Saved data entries

★ ★ ★ ★ ★

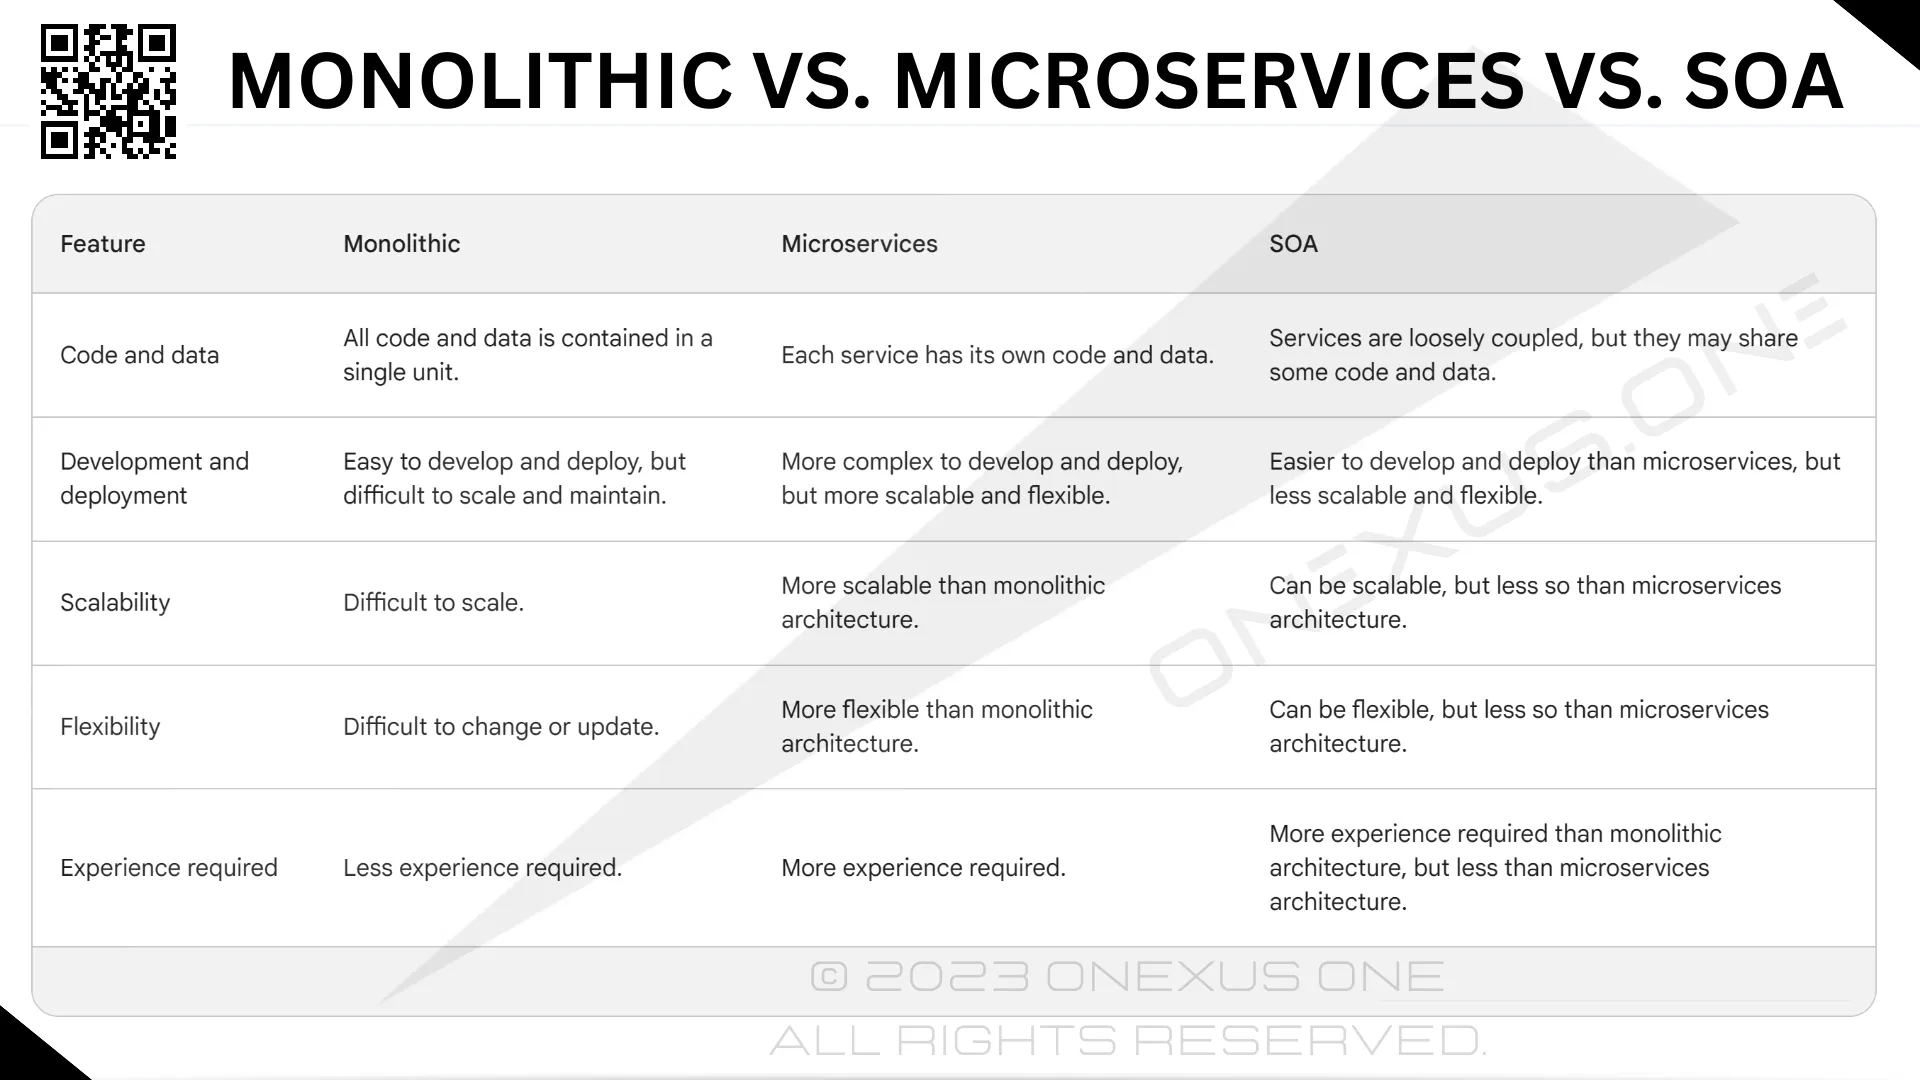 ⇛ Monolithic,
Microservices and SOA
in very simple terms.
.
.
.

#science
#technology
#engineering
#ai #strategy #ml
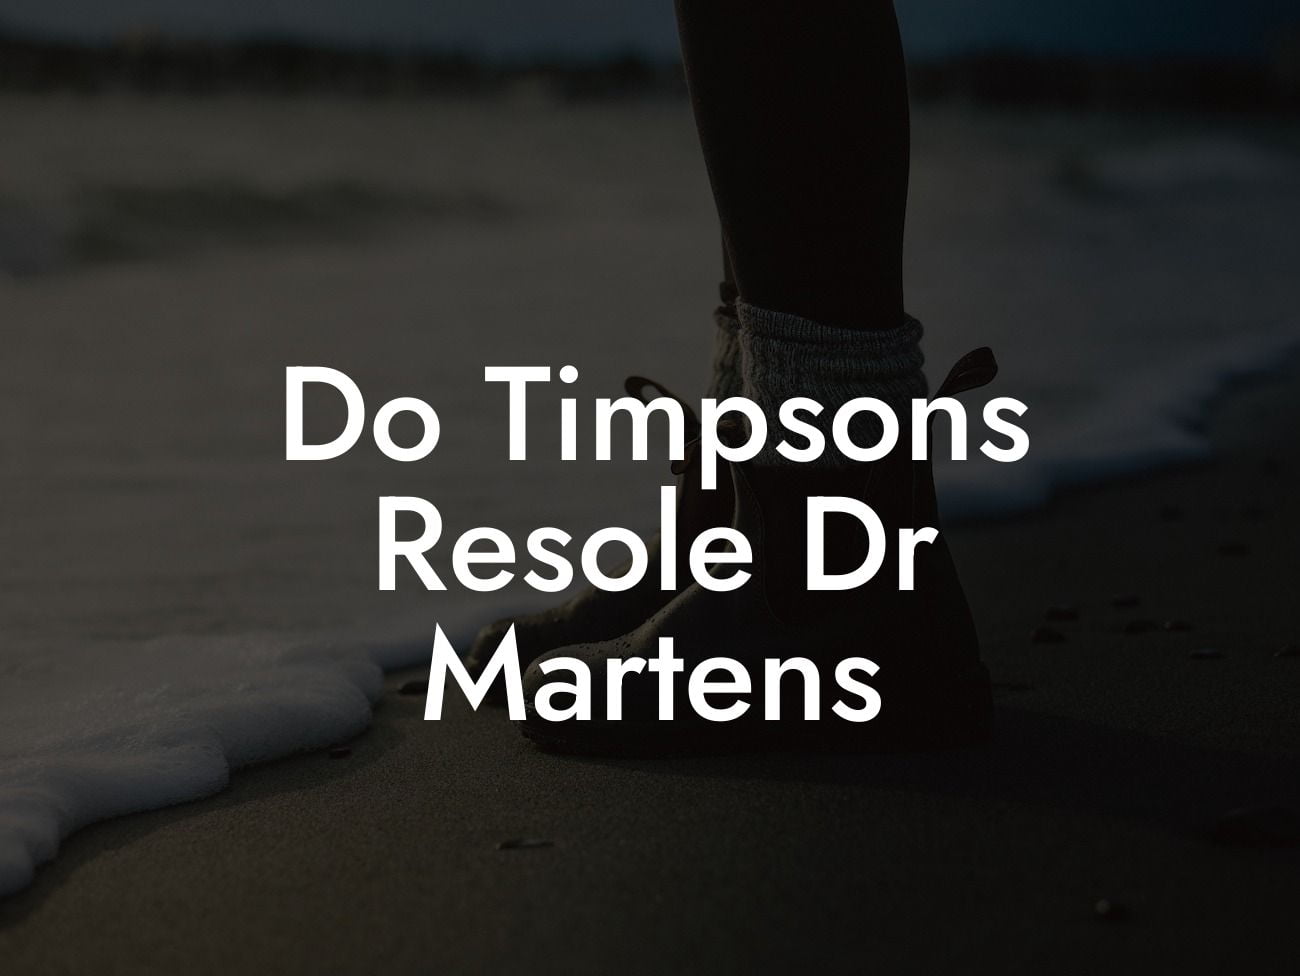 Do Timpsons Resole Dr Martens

★ ★ ★ ★ ★

*Activity*:
Every line from the one containing "#technology" through the end of the entries above is to be copied exactly; pictures are to be left out.

*Finished exercise*:
#technology
#engineering
#ai #strategy #ml
 Do Timpsons Resole Dr Martens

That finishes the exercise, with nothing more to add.